We sat at a small cafe outside and continued our conversation, now about his Nobel, the shock of the prize, and what it meant to get so much money in one swoop. Though both of us were by then well established in our new American lives, in our own minds we somehow still figured as "poor immigrants." I remember his answer, offered in his usual semi-dismissive sombre voice. "Money? Now it's just one more thing to be indifferent to." We reminsced about the times both of us were much less indifferent and swapped stories about the roads to enrichment neither of us had taken. One of his stories was about a super-rich girlfriend that he decided not to marry. What was my story — I now can't recall. There probably wasn't one.

On the way back to his room, I asked him to pose for me and my new Pentax camera, with my favoritewide-angle lens. The son of a photographer, he appreciated the camera, played with it a little and took a few shots (none came out well). He and I loved the quirky fog city, traversed it on foot on many occasions, and had a warm spot for its jerky cable car, especially for the fact that it was totally legit to ride on its footboard. An unquestioned taboo in Russia, it gave us a frisson to avail ourselves of a harmless San Franciscan libertinism. I was able to take this shot just as a cable car was crossing behind him.

Back in his room, he pulled out a few pages of typescript with his new poetry. It was an event for me each time I could to hear him recite his new verse — it felt like cold water touching a parched throat. It also felt like hearing my own voice but coming from the depths that I myself could never plumb. What were the poems? I don't remember now but I may still have these unautographed sheets somewhere.

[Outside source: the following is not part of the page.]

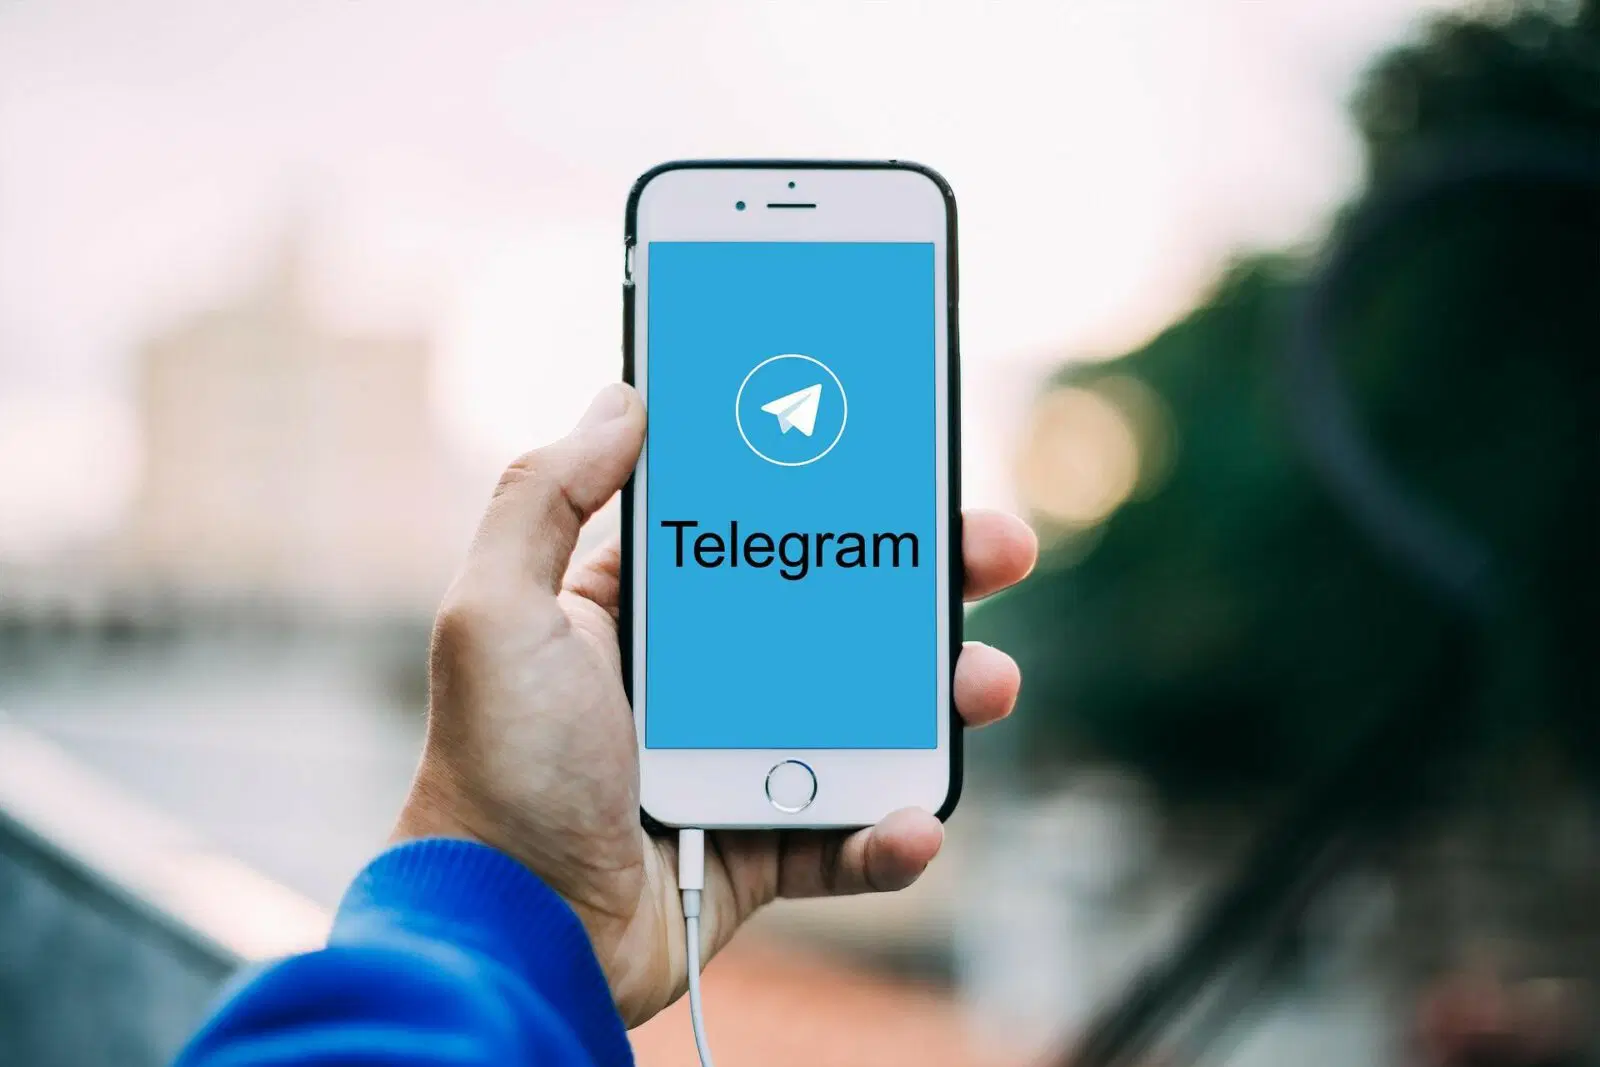 Unlock a telegram group on Iphone (IOS)
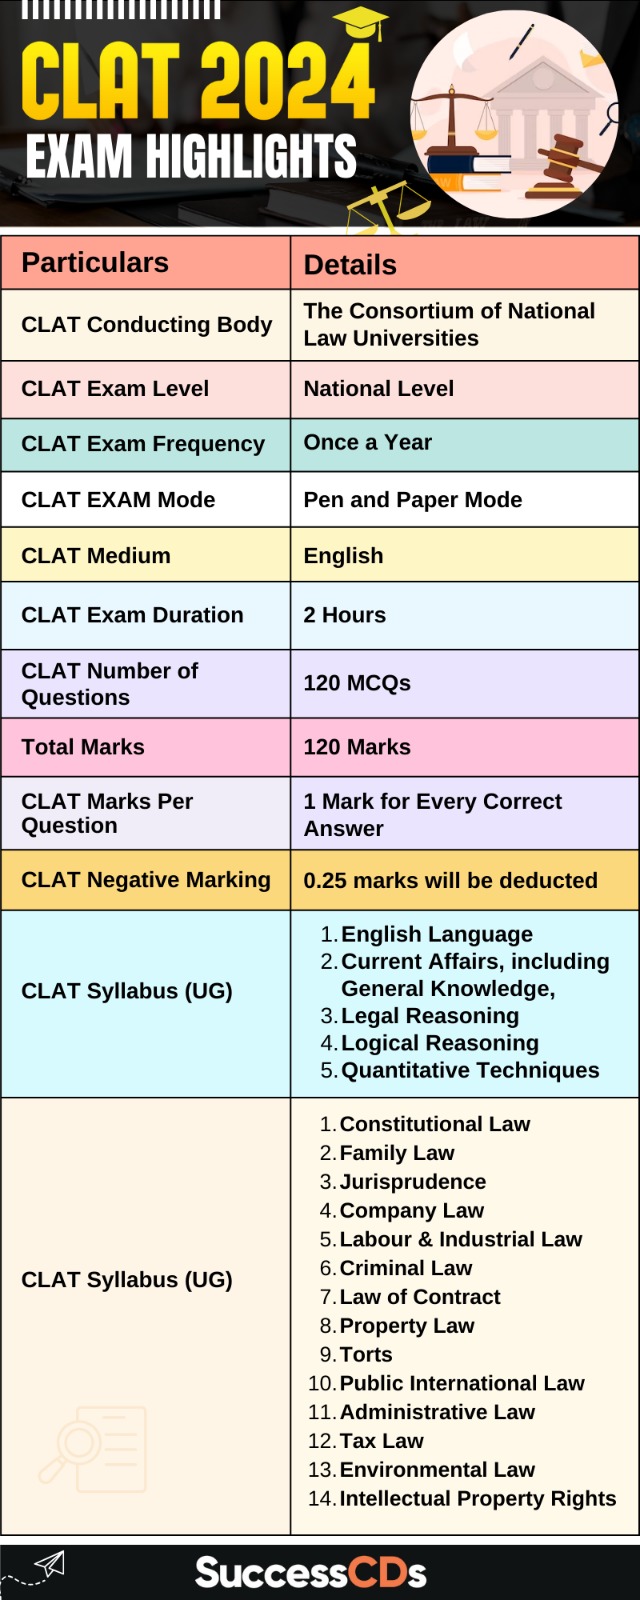 clat-exam-highlights

By the time he finished, we realized that he was half an hour late for the Commonwealth Club. I had a very vague idea what honor it was to speak before this august body and suggested he cancel the event so that we could spend the rest of the day together. After all, there was still North Beach and Seal Rock, and the great Dim Sum restaurant on Sansome Street... He knew better. We rushed out of the hotel. He jumped into a cab and sped off.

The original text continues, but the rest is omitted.